As regards the longevity of the First Congregational Society after Chandler retirement and passing, Harold Worthley, the longtime Librarian of the Congregational Library in Boston, in his excellent and carefully researched study of the early Congregational churches of Massachusetts, states that about 1890 the Society for all practical purposes became extinct. But not completely for it did attempt to have some ministerial services and programs during its final fifty years as an organization. The Rev. Crawford Nightingale served there in 1883 and the Rev. Loren Benjamin Macdonald from June 1885 until October 1887. A portion of his service was while he was earning his A.B. at Harvard(1886). The next individual to be listed in the AUA annual yearbook as minister in Shirley was the Rev. Amos N. Somers who was there for two years (1898-99). But most of the time the yearbook listed Shirley with supplies or as dormant. Sometime the word that described the society was “[blank]”. Throughout much of the last decades of its existence the one group that continued to be vigorous and carry on programs, at least until 1932, was its local branch of the national organization the Alliance of Unitarian Women.

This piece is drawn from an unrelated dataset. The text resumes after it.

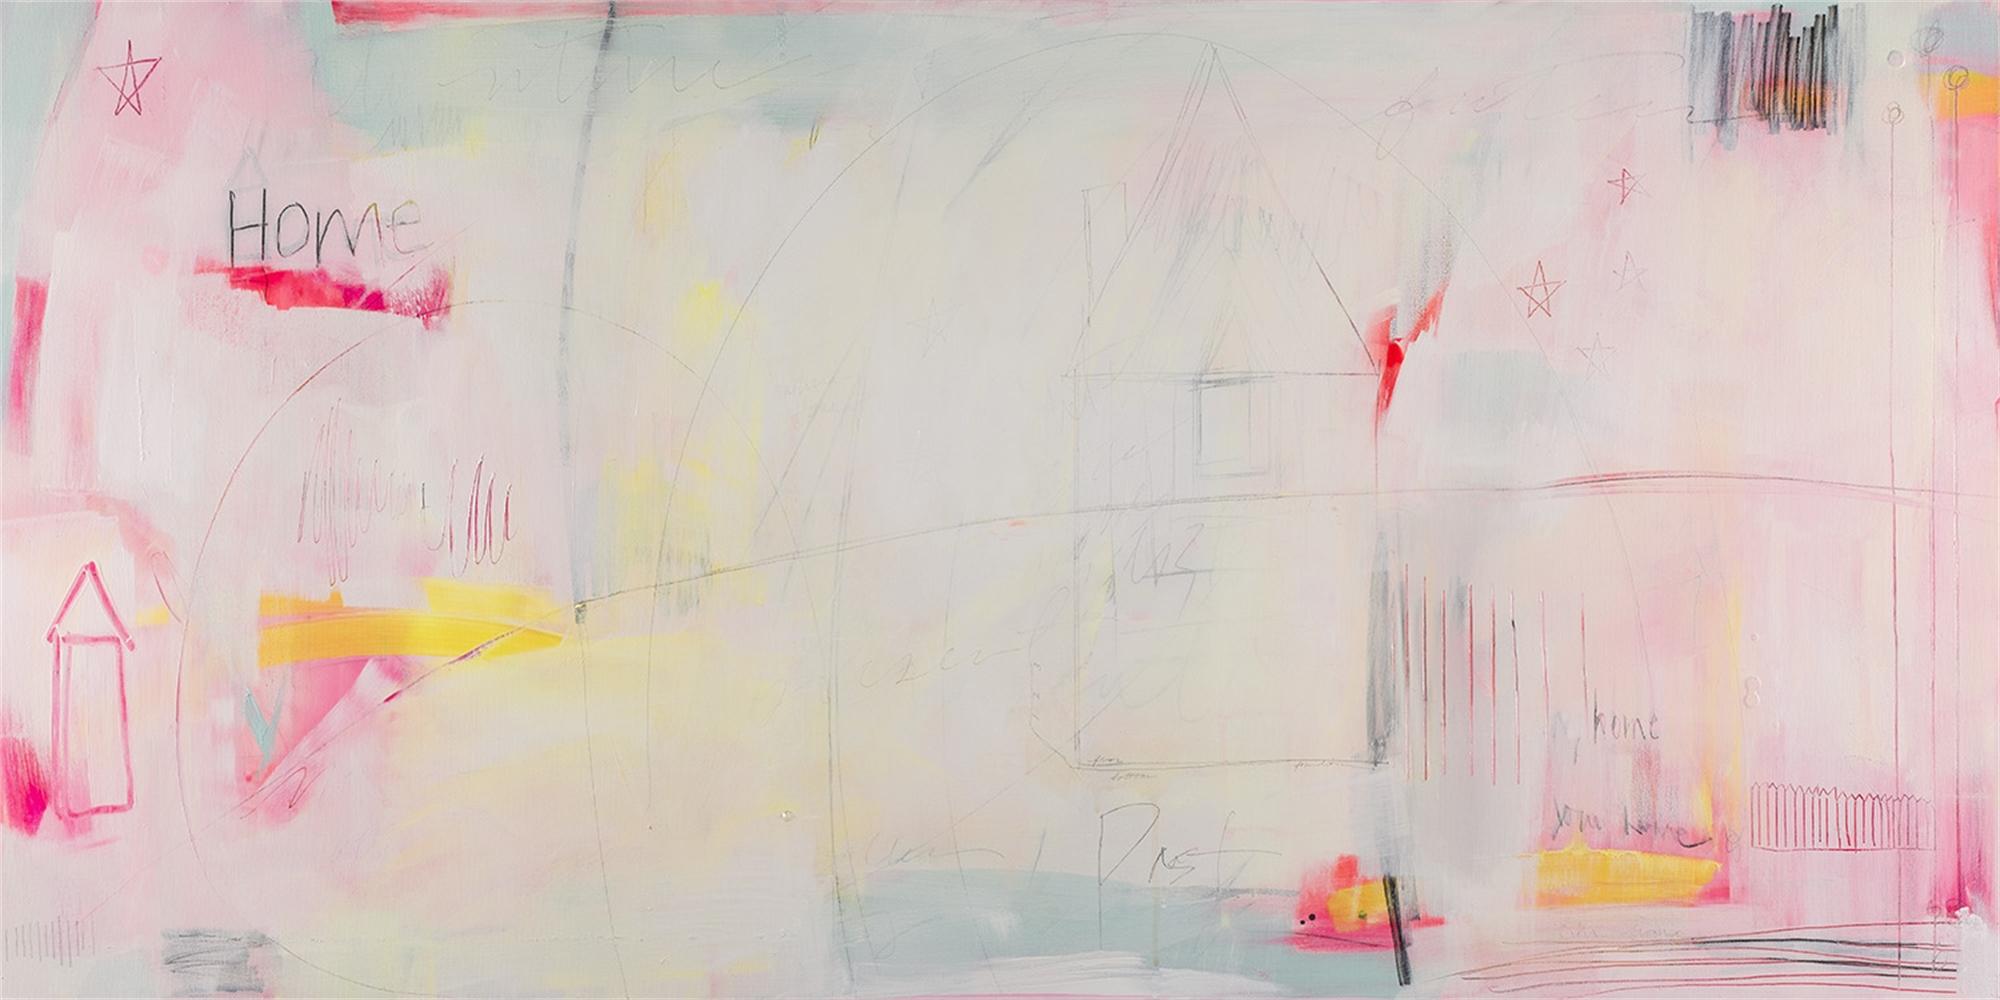 home by Leslie Gaworecki

Finally, in1944 under the leadership of Dr. Clifford K. Shipton, Librarian and Director of the American Antiquarian Society and head of the Harvard Archives, who lived in Shirley Center in the very house that the Chandlers once owned, a local organization-the First Parish in Shirley- was established to assume responsibility for maintaining the now unused Unitarian Church as an important part of the community’s heritage. As a part of its mission it keeps the First Parish building in repair while also promoting its use “for weddings, funerals, musicals, and historic and dramatic programs.”
THE HISTORY OF SHIRLEY
Chandler, as has been indicated earlier, began to collect material for a history of Shirley at the start of his ministry. He wrote his history, he declared, to allow people “to connect the present with the past, so as to give the existing actor an opportunity to understand his obligations to those who shall come after him, by his indebtedness to those who have gone before him.”In its preparation he was always careful to document his facts, which is one of the book’s values.As he put it in his introduction, “The sources of all quotations made, the reader will find duly acknowledge; and no assertion had been hazarded without good authority as to its accuracy, especially when it has come through the uncertain channel of tradition.” Credit for attempting the history in the first place belonged, he said, to his friend George A. Whitney at the time living in Boston but originally from Shirley. Another source that encouraged his historical work came when the New-England Historic Genealogical Society elected him on September 3, 1845 a Corresponding Member.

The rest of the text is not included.